- Artist: Laura Knight
- Year: 1913
- Medium: Oil on canvas
- Dimensions: 152.4 cm × 127.6 cm (60.0 in × 50.2 in)
- Location: National Portrait Gallery; London;

= Self Portrait with Nude =

Painting by Laura Knight

Self Portrait with Nude (sometimes known as Self Portrait or The Model) is an oil-on-canvas painting executed in 1913 by the English artist Laura Knight. A mature work, painted when Knight was 36 years old, it was controversial for its subject matter: a female artist painting a nude female life model. The painting was retained by Knight until her death in 1970, and bought by the National Portrait Gallery in 1971: the gallery has described it as "a bravura statement about the ability of women to paint hitherto taboo subjects on a scale and with an intensity, that heralds changes".

The painting shows a view of the artist in her studio, working on a painting of a nude female model, part of the painting, and the model herself posing for the painting. The artist is fully clothed, wearing a scarlet knitted cardigan and large hat, with her face viewed in profile, silhouetted by a light area of the painting depicted in the background. Behind her, to her left, is the painting she has been working on. Further back, to the right, is her life model, her friend and fellow artist Ella Naper, who is also facing away from the viewer, standing in a contrapposto stance on a raised platform with a striped carpet, her arms raised and bent to clasp behind her head. The model stands out against an orange backcloth and the wall of the studio.

The work measures 60 × 50.25 in. It was painted in Knight's studio in Lamorna and first exhibited at the Passmore Edwards Art Gallery in 1913, and then at the 1913 show of the International Society of Sculptors, Painters and Gravers at the Grosvenor Gallery in London, under the title The Model.

Reputedly, it was rejected for the 1913 Royal Academy Summer Exhibition. Critics objected to the impropriety of a female artist depicting herself alongside a female nude. At the time when Knight had attended art school, female students were not permitted to paint live models, being restricted to copying casts and drawings. Writing in The Telegraph, art critic Claude Phillips called the painting "harmless" and "dull", "obviously an exercise" which "might quite appropriately have stayed in the artist's studio", but also said that it was "vulgar" and "repels". An article in The Times in 1914 called it "extremely clever", but another in 1939 criticised its "mistaken attempts at solidity" and called it "regrettable".
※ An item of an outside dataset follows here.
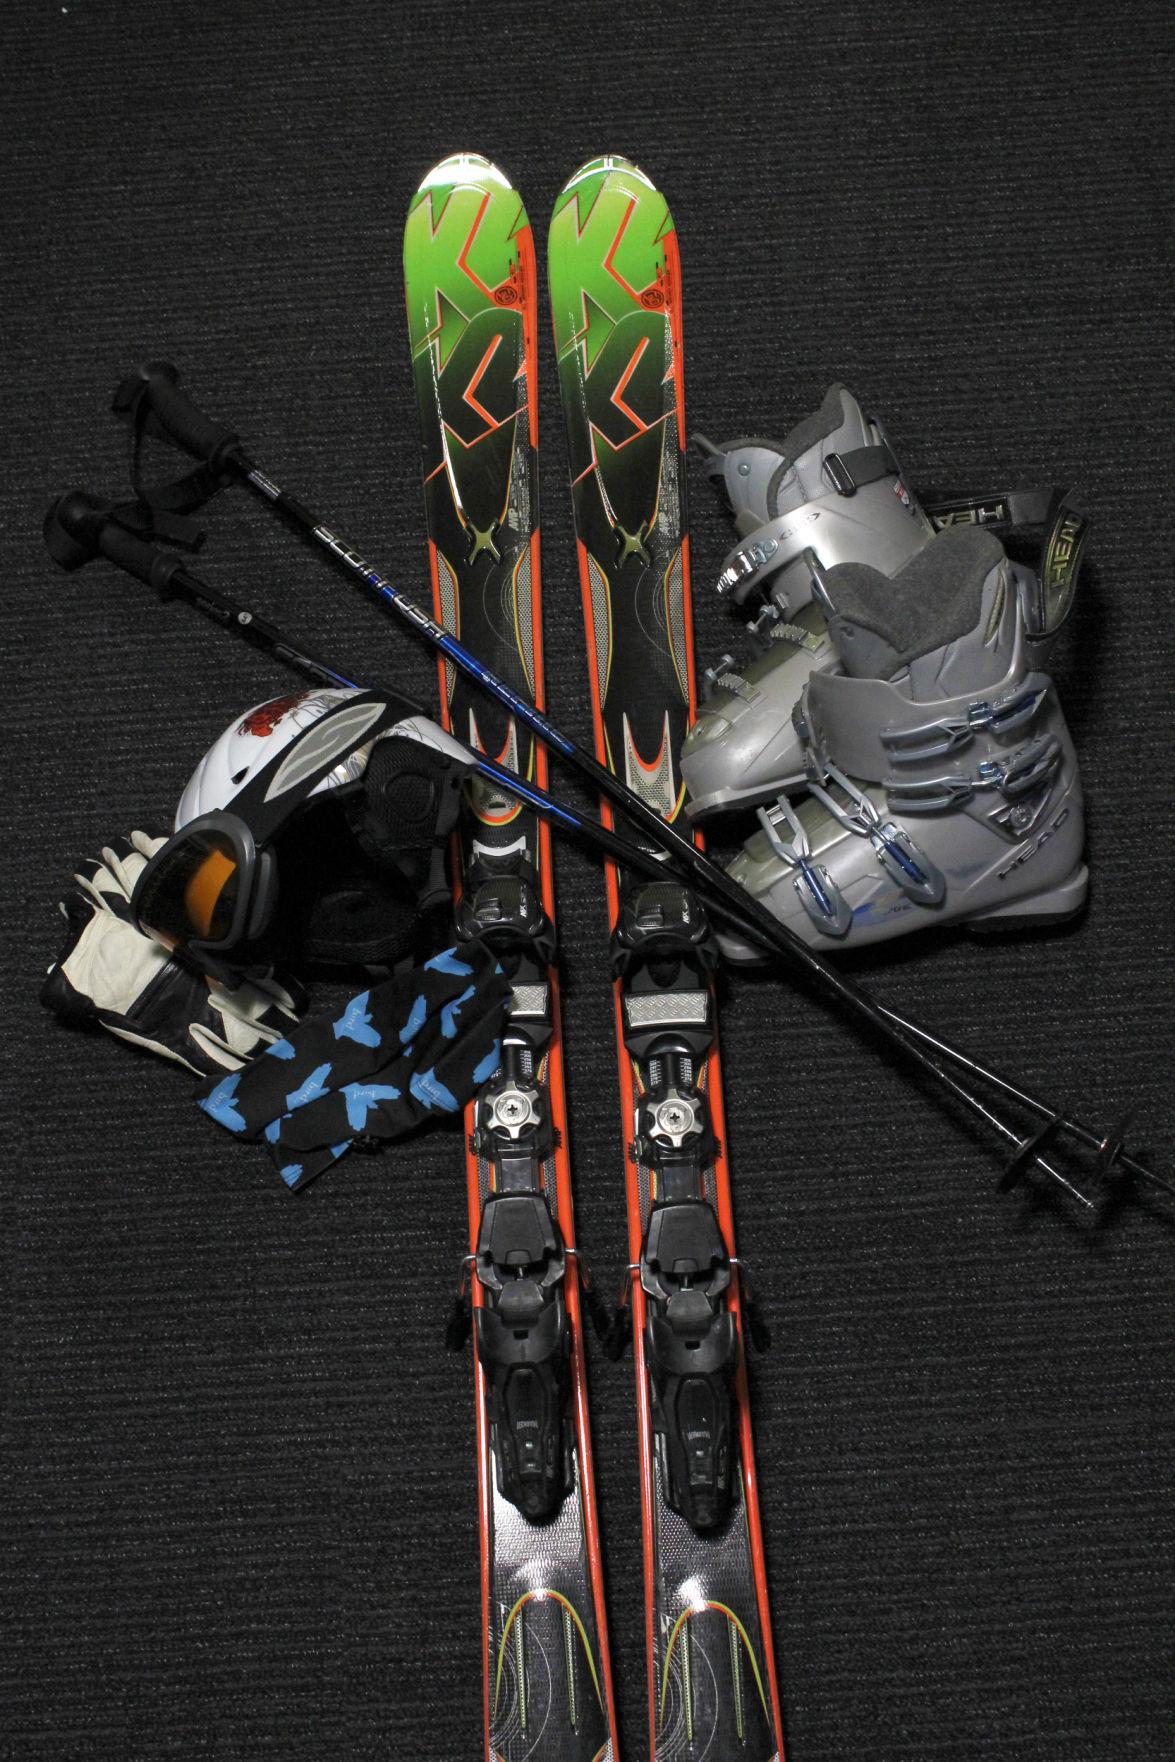 Teach me how to hobby  Skiing  20d80ce0c349

Knight retained the work until her death in 1970, shortly before the opening of a major retrospective exhibition. It was sold at Sotheby's later that year for £700, the highest price achieved in the sales by her executors to clear her studio, and it was acquired by the National Portrait Gallery in 1971.

The Financial Times has compared it to the later works of Lucian Freud. In The Face of Britain (2015), the historian Simon Schama described it as a "incomparably, her greatest work, all at once conceptually complex, heroically independent, formally ingenious and lovingly sensual."